By Michael Dequina | July 29, 2002

“Austin Powers in Goldmember” begins with a fairly cheap, attention-grabbing gimmick, but as far as those go, it’s a pretty clever and hilarious one. At the media screening, New Line passed out fliers urging attendees to “Zip it!” about the surprise, but by now it surely has already been ruined–and, consequently, one of the few glimmers of inspiration in this largely tired third screen adventure of the shagadelic British superspy.
With “Goldmember,” it is clear that star/co-writer Mike Myers and director Jay Roach are scraping for fresh material, for the movie is less a sequel than a haphazardly assembled collection of greatest hits rehashes. Enjoyed Dr. Evil (Myers) and diminutive clone Mini-Me’s (Verne Troyer) “Just the Two of Us” number?

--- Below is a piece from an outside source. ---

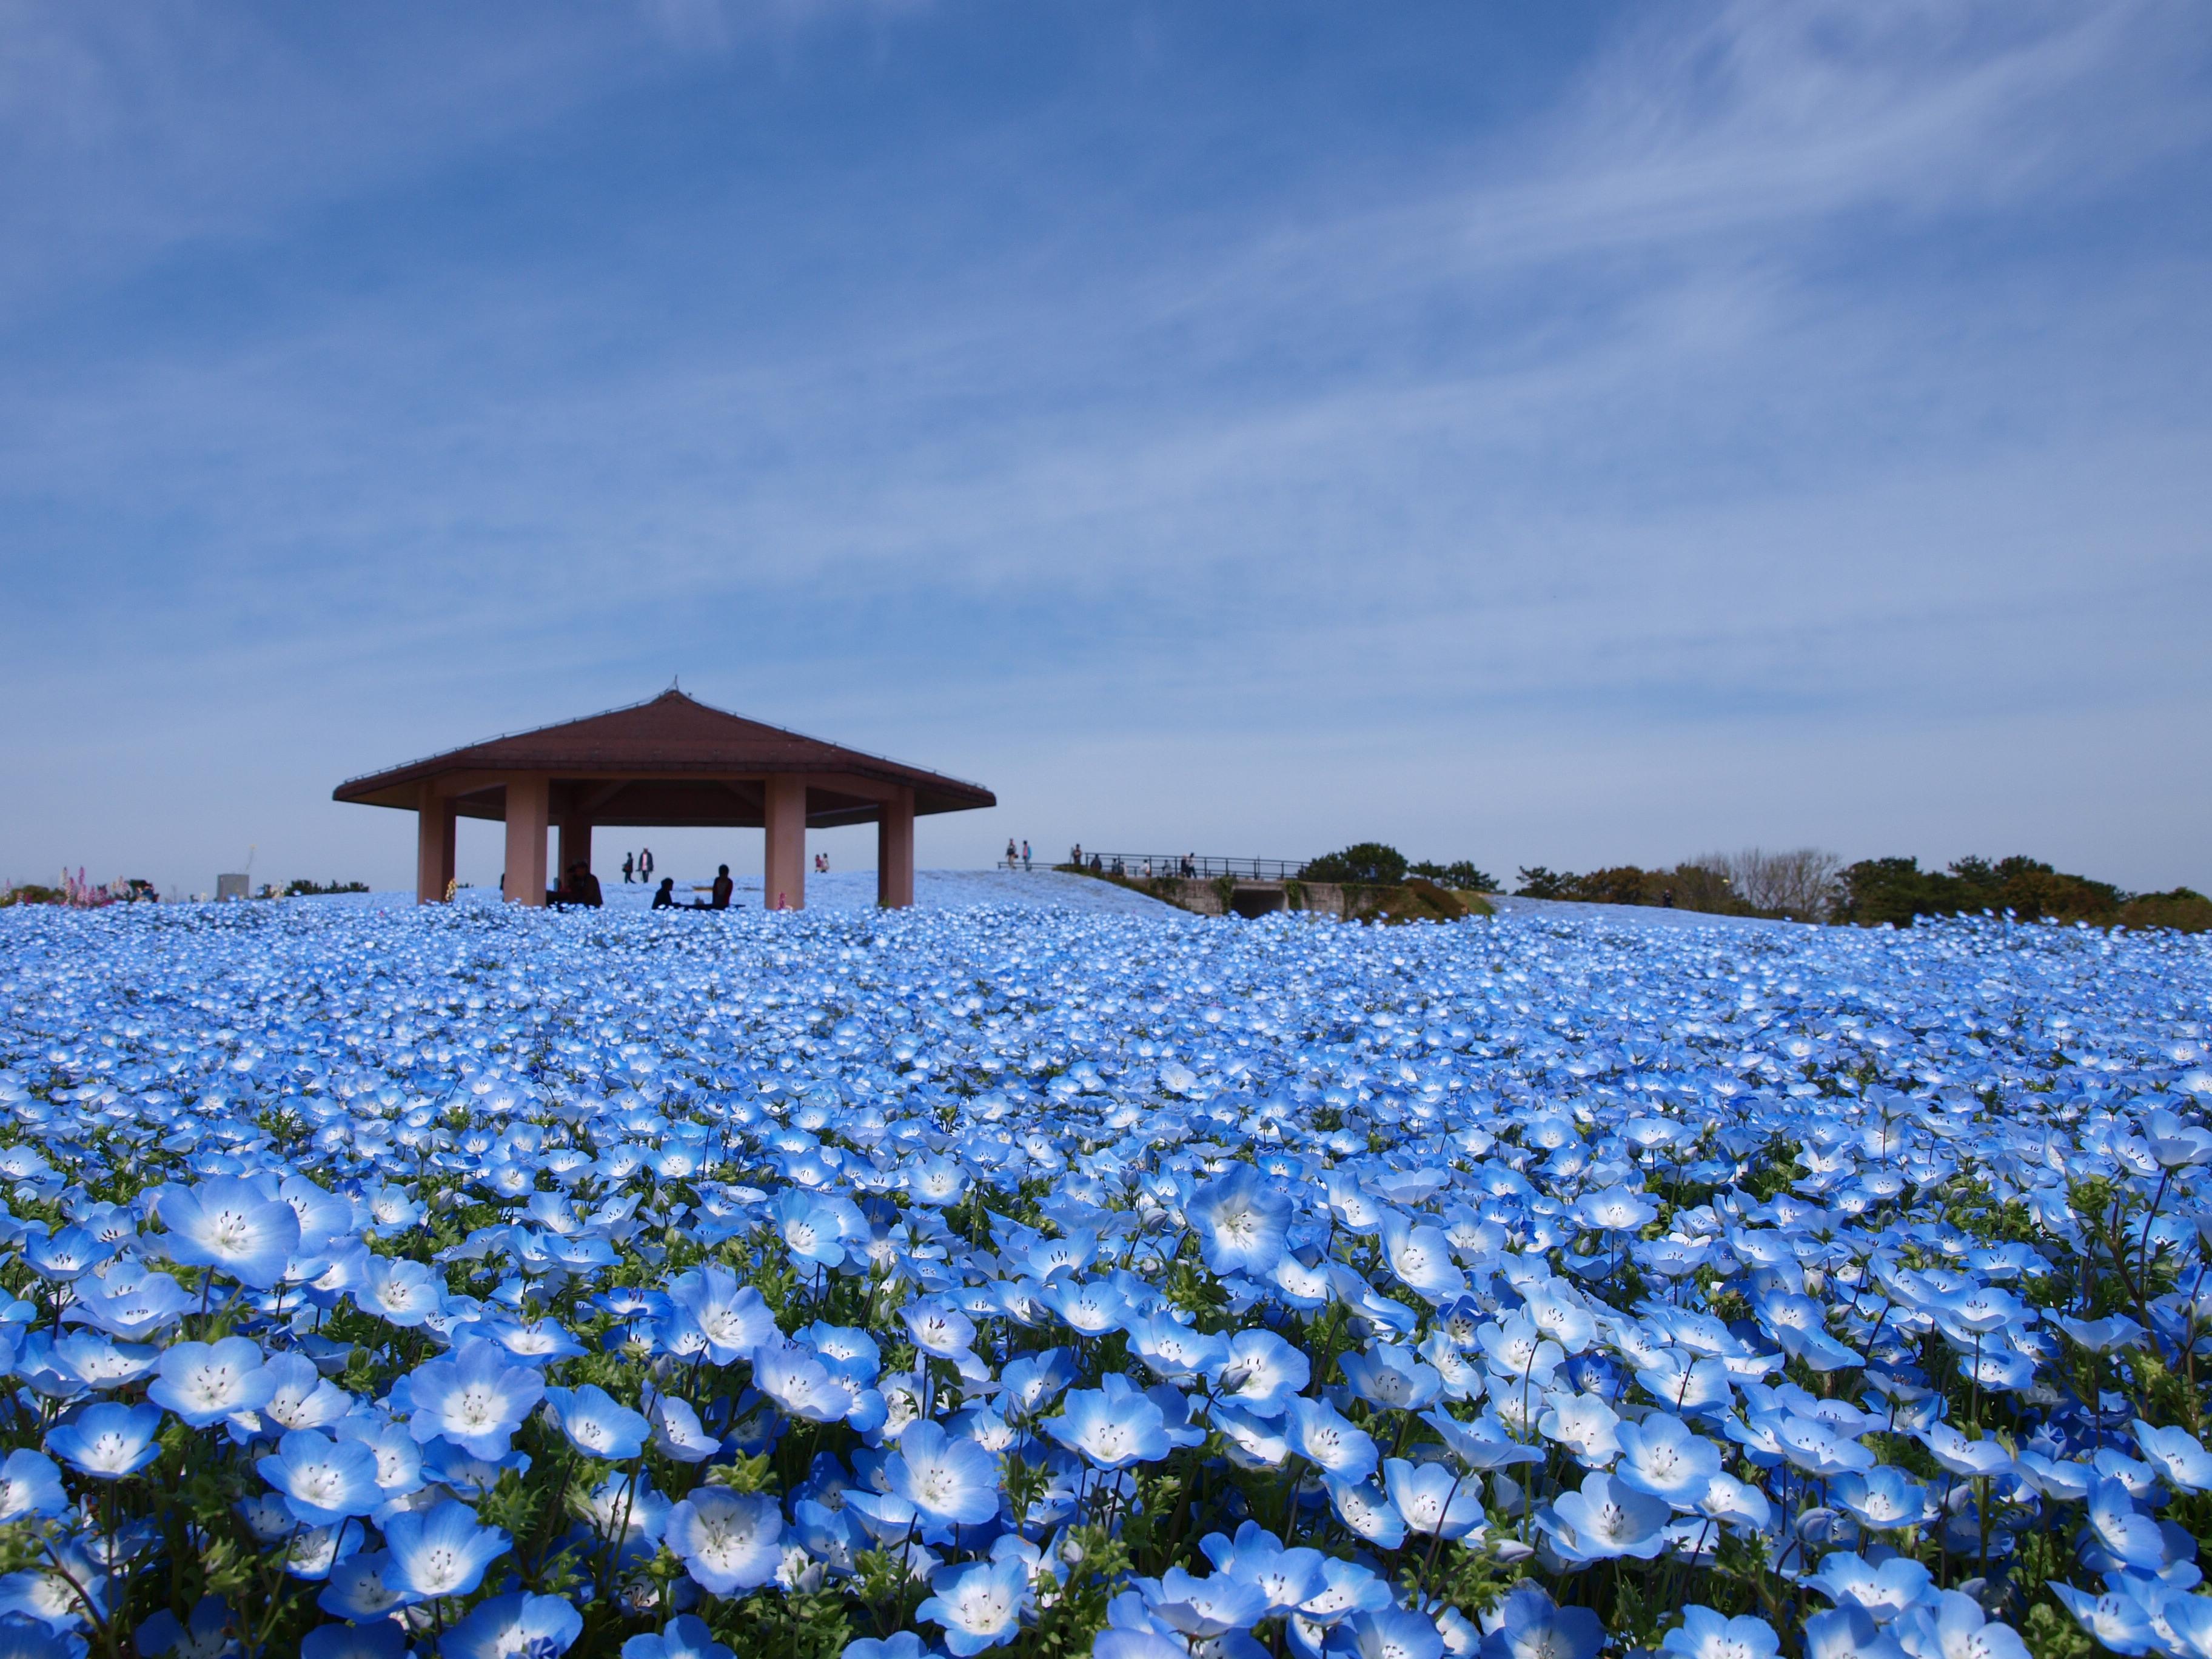 福岡市の絶対楽しい観光スポットを紹介!福岡の人気グルメや体験スポットも!

See the pair get down with their version of “Hard Knock Life.” Thought the sleazy, slobby Scotsman Fat Bastard (Myers, again) and his scatological brand of humor was funny? Here he is again, to beat the dead horse of gross-out gags.

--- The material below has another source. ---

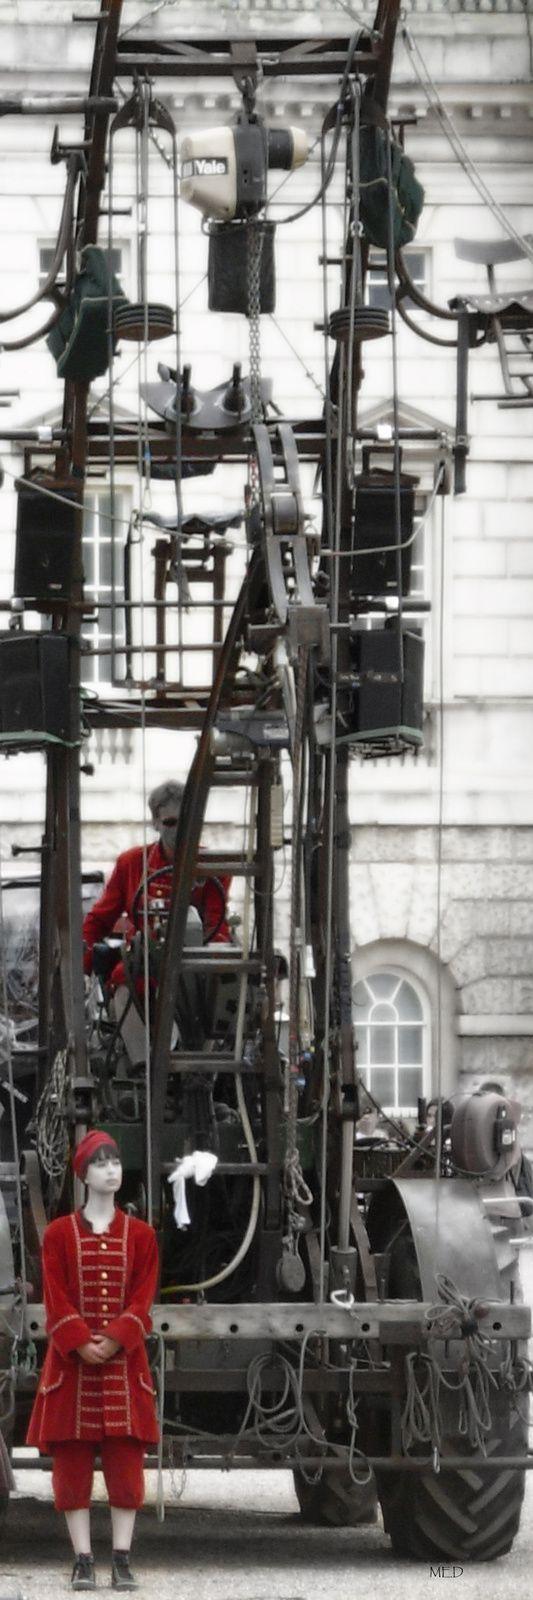 ROYAL DE LUXE LES PIONNIERS MA PREMIERE EXPOSITION EN 2006

The presence of Fat Bastard is basically just for the sake of reappearing, for he has hardly anything to do with the story. Austin (Myers, yet again) is placed back in action after his estranged former spy father Nigel (Michael Caine) is kidnapped and brought back to the year 1975, where Austin hooks up with his female partner du jour, the Pam Grier/Tamara Dobson-esque Foxxy Cleopatra (Beyoncé Knowles, making a confident, if thoroughly unchallenging, acting debut). After staying in the year just long enough for a gratuitous roller boogie number–not to mention obligatory workout for Knowles’ singing pipes–Austin and Foxxy follow Nigel and his kidnapper, nightclub owner Goldmember (still more Myers) back to the present day, where the dastardly Dutch discothèquer joins forces with Dr. Evil.

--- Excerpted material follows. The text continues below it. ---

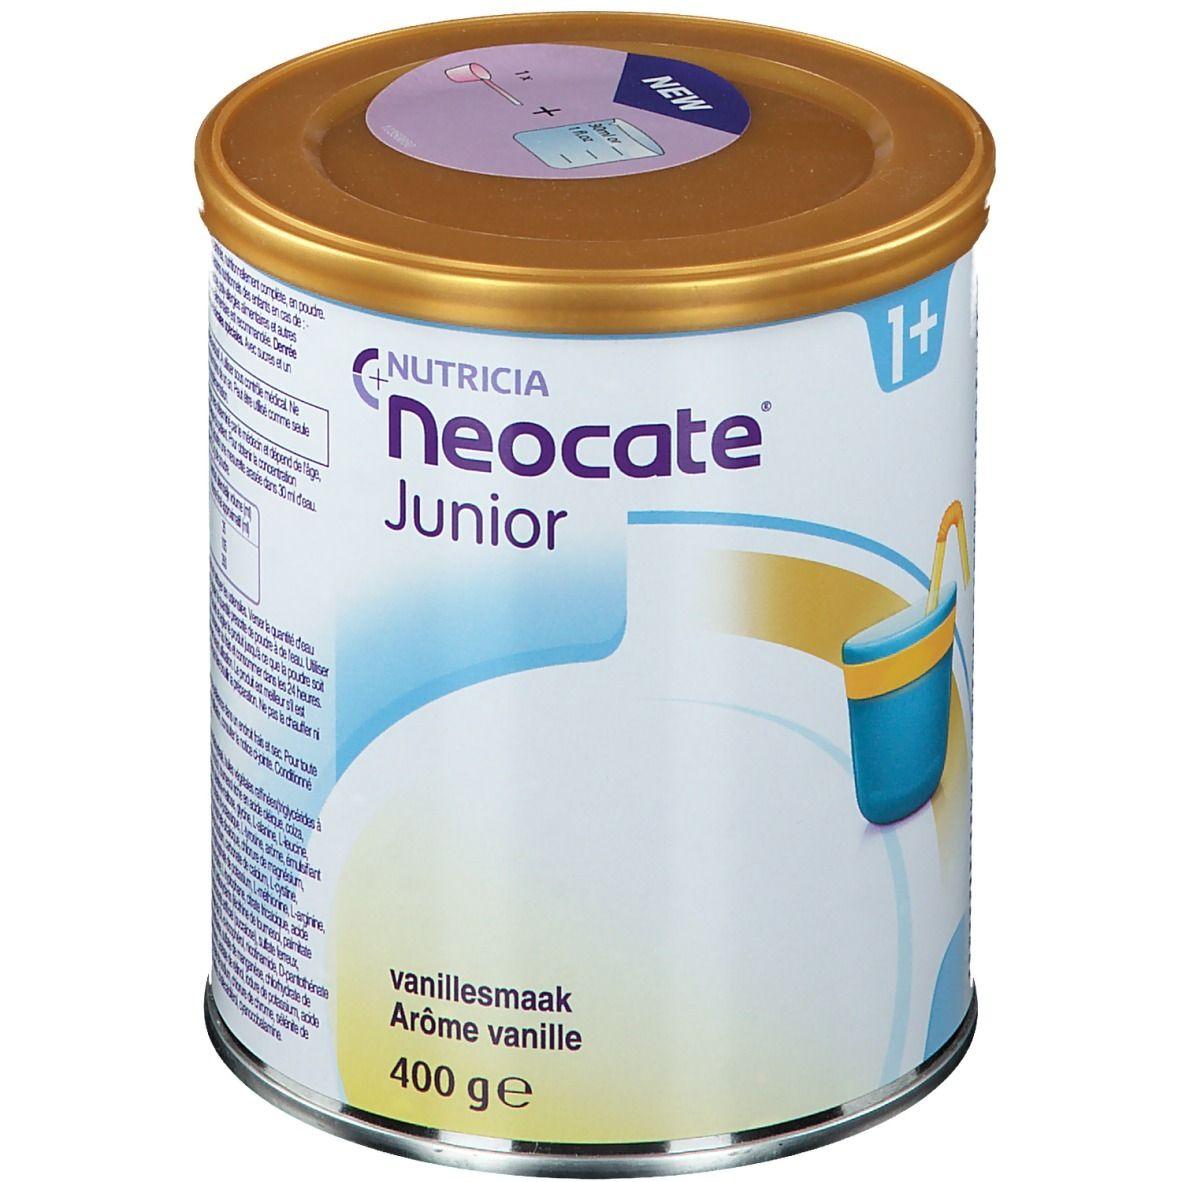 Image of Nutricia Neocate® Junior Vanille
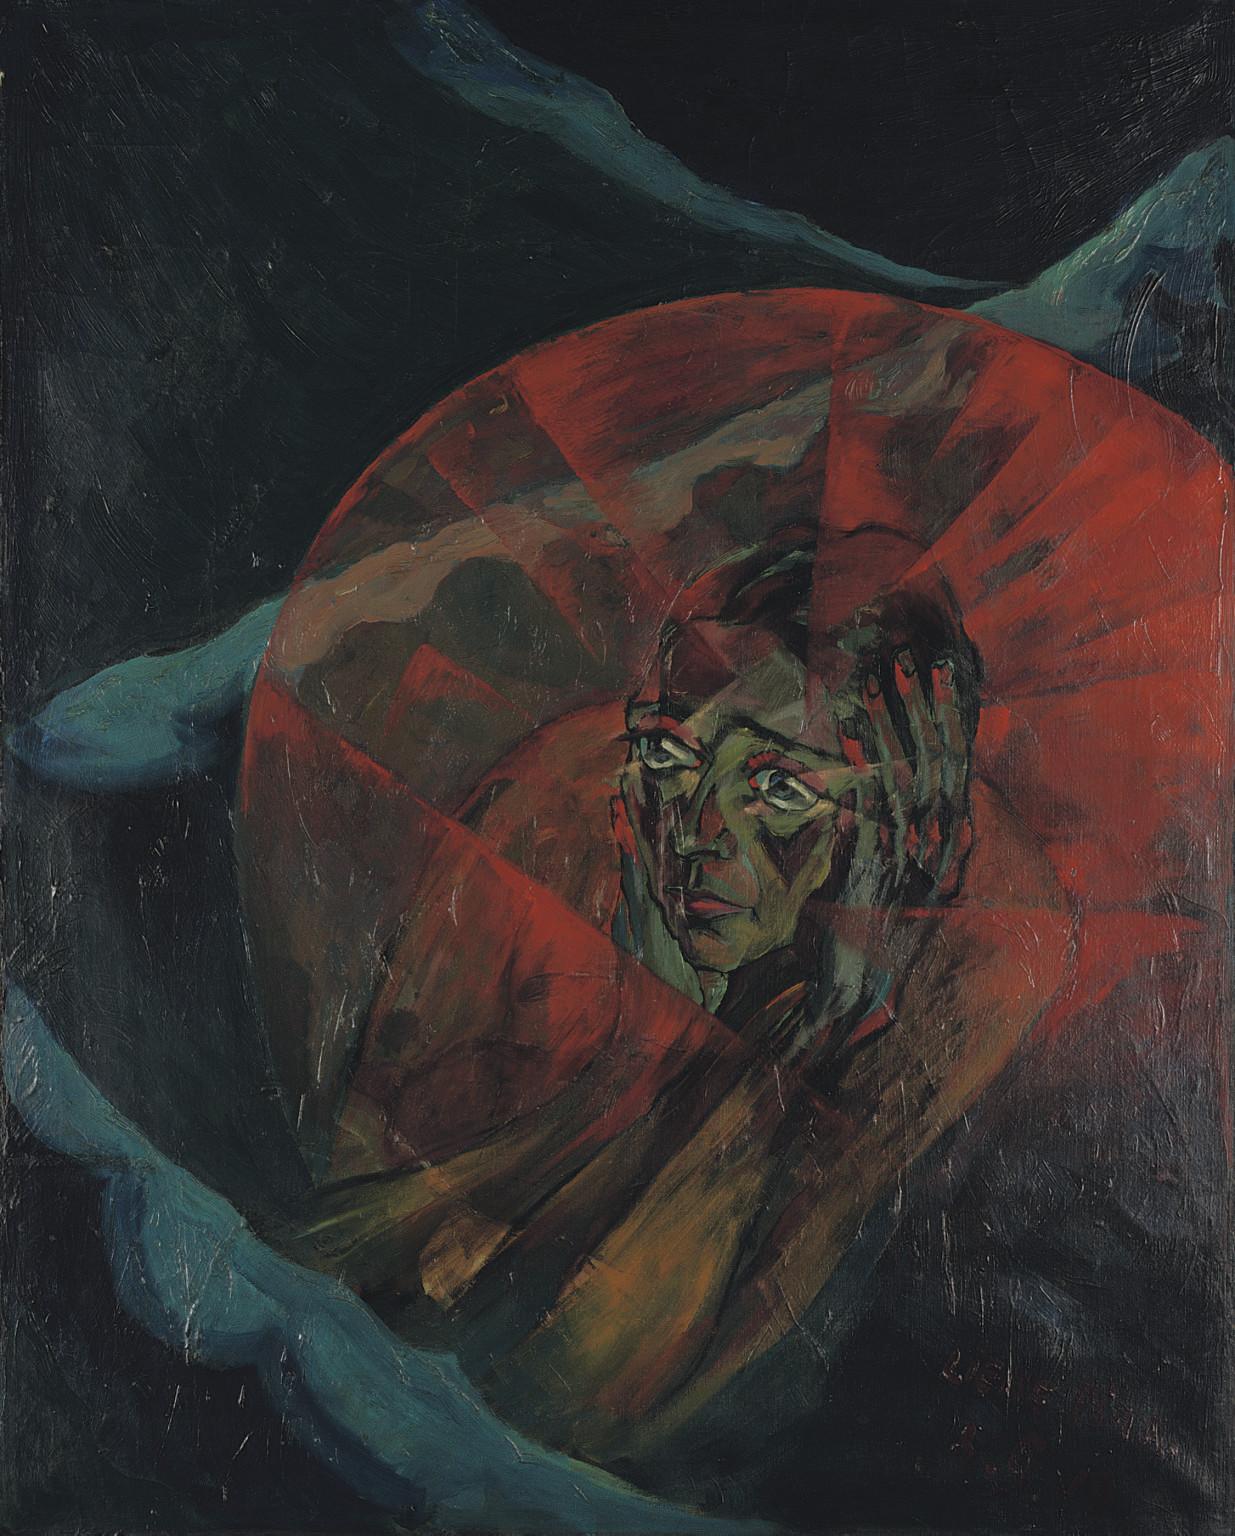 Walter Gramatté (German, 1897-

All the turns of the afterthought of a plot take a back seat to Dr. Evil, who once again is responsible for most of the film’s laughs. The one fresh angle Myers and Roach bring to “Goldmember” is the ongoing evolution of Dr. Evil’s relations with bickering pseudo-siblings, son Scott (Seth Green) and clone Mini-Me. It’s a shame that such a ceaselessly amusing character is stuck in a far less interesting one’s franchise, not to mention a series whose new cast additions just add needless, unfunny clutter. The fact of Caine’s mere casting as Austin’s father is more interesting than the execution; Nigel’s only apparent purpose is to dispense a pivotal bit of exposition in the final reel. The role of Foxxy gives Knowles the opportunity to do no more than coast by on her charisma and general foxiness (which, needless to say, she does well, considering). But there’s no bigger dud than the character who lends the film its title. He’s Dutch; he has the title body part; he likes eating his own dried skin. What comic (bad pun alert) gold.
New Line is fooling no one with the trailers’ declaration that “Goldmember” is Austin’s final screen adventure, for this installment is guaranteed a blockbuster box office take. But aside from the odd inspired bit (including good Godzilla gag; some fun with hard-to-read subtitles and British slang), Myers and Roach are running dangerously close to empty as far as new–and genuinely funny–ideas, and they would be best off quitting before they fall any farther behind.